Thomas Tauber-Marshall has posted comments on this change. ( 
http://gerrit.cloudera.org:8080/14824 )

Change subject: IMPALA-9199: Add support for single query retries on cluster 
membership changes
......................................................................


Patch Set 27:

(25 comments)

Thanks for the changes. I know I've asked for a lot, but I think the patch is a 
lot better now.

I still have a lot of concerns about this feature, esp. about our story around 
observability, but I think those concerns can mostly be addressed in follow up 
work and most of my remaining comments are more minor things.

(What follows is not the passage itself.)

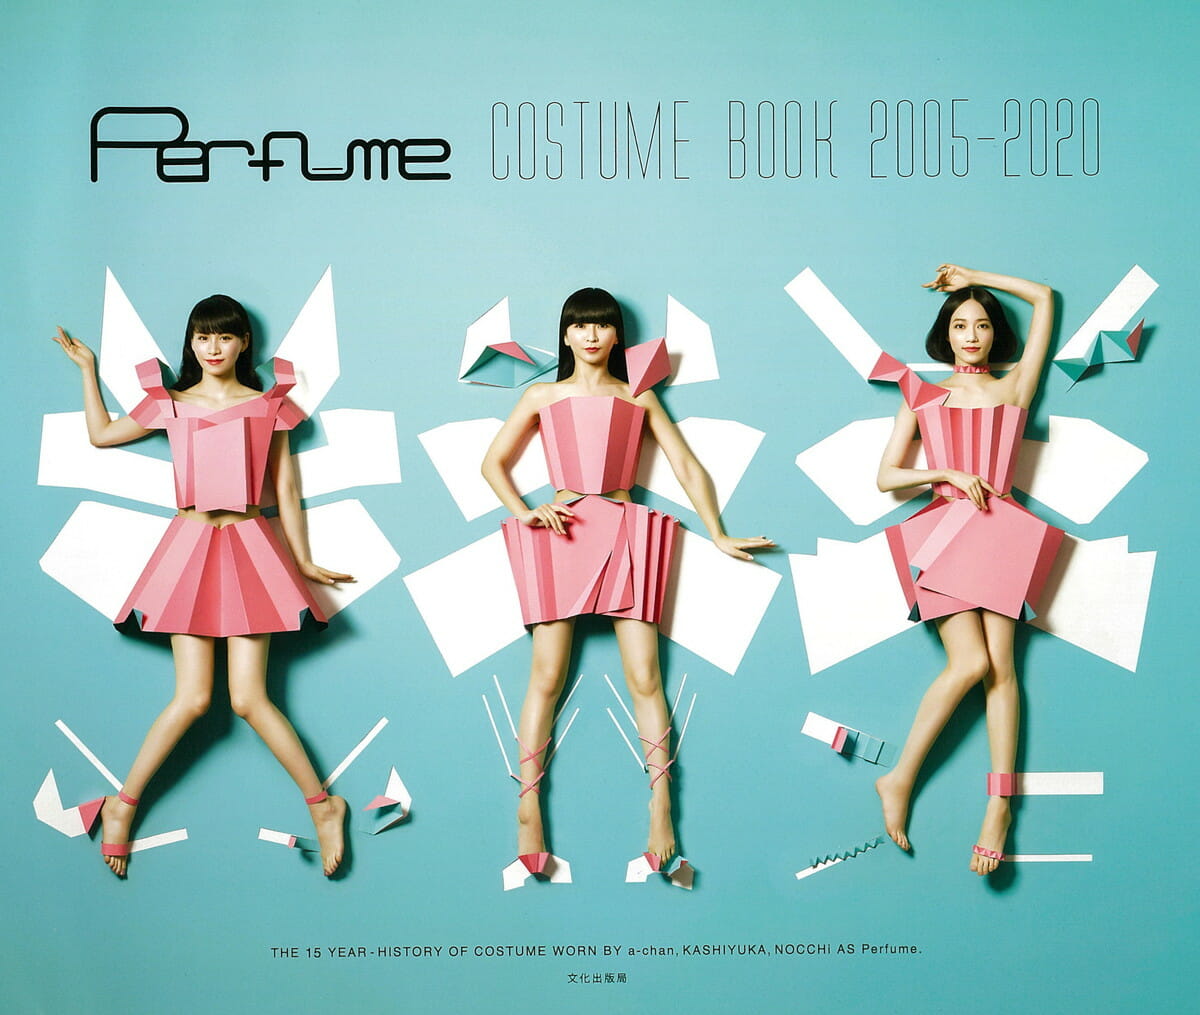 『Perfume COSTUME BOOK 2005-2020』表紙 『装苑』編集部 編、文化出版局刊

http://gerrit.cloudera.org:8080/#/c/14824/26/be/src/runtime/coordinator.cc
File be/src/runtime/coordinator.cc:

http://gerrit.cloudera.org:8080/#/c/14824/26/be/src/runtime/coordinator.cc@1079
PS26, Line 1079:
> Before this patch, if a query fails: 
> ClientRequestState::FinishExecQueryOrDmlRequest()
 > --> Coordinator::Exec() --> Coordinator::StartBackendExec() -->
 > ClientRequestState::UpdateQueryStatus() which sets
 > ClientRequestState::query_status_.

I don't think that's true - ClientRequestState::UpdateQueryStatus() is never 
called from inside Coordinator. If an Exec() rpc fails, before this patch 
Coordinator::Exec() will return an error status and ClientRequestState will 
call UpdateQueryStatus() on itself to set the error that's returned from Exec().

Now, MarkAsRetrying() will set an error on ClientRequestState but after that 
Coordinator::Exec() will still return an error which ClientRequestState will 
try to set on itself with UpdateQueryStatus() but it'll get discarded because 
an error was already set.

As far as I can tell, prior to this patch if the Coordinator needed to 
communicate an error to the ClientRequestState it always did so by returning an 
error Status, eg. if a backend reports an error usually that gets bubbled up 
when the ClientRequestState calls GetNext(), and now we've added this other 
patch where the ClientRequestState calls into the Coordinator and during that 
call the Coordinator calls back into the ClientRequestState to set the error 
even though its also about to return another Status that represents the same 
error with a slightly different text. The point is, its messy and I'm concerned 
it will be error prone.

 > A lot of the re-factoring we end up
 > doing now might just be wasted work if we end up changing half the
 > logic.

Sure, you don't have to take my suggestions, esp. if you have a good reason/a 
vision of your own for how to clean this all up.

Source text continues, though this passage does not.